Now that we’ve reviewed the underlying holdings of the One-Click ETF Portfolios, let’s consider how they’re assembled. Here’s how the TD website broke down each fund by asset class in late January:

Canadian equities8%18%27.6%
US equities15.7%28.8%41.7%
International equities12.9%19.5%25.2%
Canadian bonds47.0%23.2%0%
Foreign bonds13.7%8.6%4.4%
Source: TD Asset Management as of January 29, 2021

A few things jump out here. The first is the inconsistency among the three funds. In the Vanguard and iShares asset allocation ETFs, the relative weighting of Canadian and foreign equities are the same across the whole family. For example, in all five iShares funds, Canadian stocks make up 25% of the equity allocation, while US stocks are allotted 45%, and international and emerging market stocks get the other 30%.

By contrast, the relative proportions differ among the three TD funds. Notice that TOCC has much less in Canadian stocks than international stocks (8% versus 12.9%), while TOCA as more (27.6% Canadian equities and only 25.2% international). In TOCC and TOCM about three-quarters of the bonds are Canadian, while in TOCA none of them are.

It’s one thing to tout the skill of the fund managers, but it’s hard to understand why they would apply their convictions differently. Why overweight an asset class in one fund and underweight it in another? One would expect these portfolios to be the same in all respects except the overall mix of stocks and bonds.

A shifting asset mix

We’re not done yet. The Vanguard, iShares and BMO asset allocation ETFs have specific long-term targets for stocks and bonds and clear rules for how often they will rebalance back to those targets. If you buy VBAL, for example, you can be confident the ETF will always stay very close to its target of 60% stocks and 40% bonds.

Not so with the One-Click ETF Portfolios. TD’s literature specifically says the asset weightings “may change due to market movements and portfolio manager discretion,” and that the fund “may also hold a significant portion of its assets in cash-equivalent instruments when the portfolio adviser believes it is prudent to do so.”

You can already see these portfolios deviating from their targets. TOCM, which has the same 60/40 benchmark allocation as VBAL, currently has less than 32% in bonds. Similarly, TOCC has a benchmark of 70% bonds, but its current allocation is just over 60%. And TOCA, with a benchmark of 10% bonds, has only half that much.
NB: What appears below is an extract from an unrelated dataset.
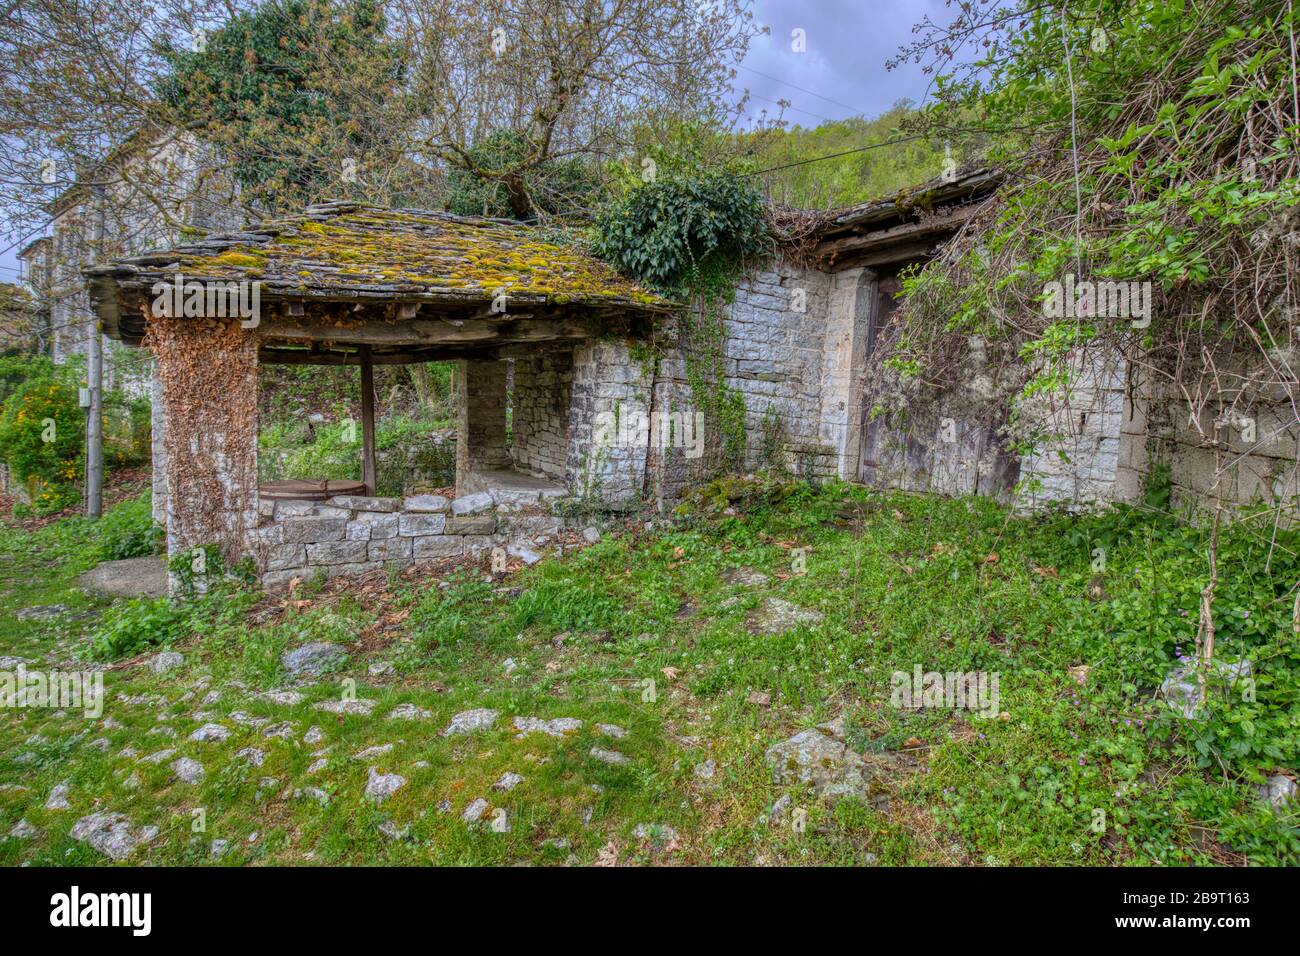 Uno scenario incredibile dal pittoresco villaggio di Dilofo con i suoi tradizionali edifici architettonici antichi situati sul monte Tymfi, Zagori, Epiro, nord Foto Stock

This strategy (called tactical asset allocation) is common in active funds, but it has a similar track record to other forms of active management: it has intuitive appeal, works some of the time, but usually fails to deliver better risk-adjusted returns than a boring old index portfolio that rebalances automatically whenever an asset class deviates by more than a few percentage points.

The bottom line

Let’s take a step back and remember why the Vanguard, iShares and BMO asset allocation ETFs are such excellent products. Yes, they’re well diversified, cheap and convenient. But their other key benefit is that they’re built entirely from index funds.

The TD One-Click ETF Portfolios, by contrast, employ two layers of active management, with non-indexed holdings and tactical asset allocation. They may well deliver outperformance over some periods, and if you believe in a so-called core-and-satellite strategy that combines passive and active components, then these TD ETFs are a low-cost and well diversified way to achieve that.

However, if you’re looking for plain-vanilla index funds— which are all I have ever included in my model portfolios—then the One-Click ETF Portfolios from TD simply don’t fit that description.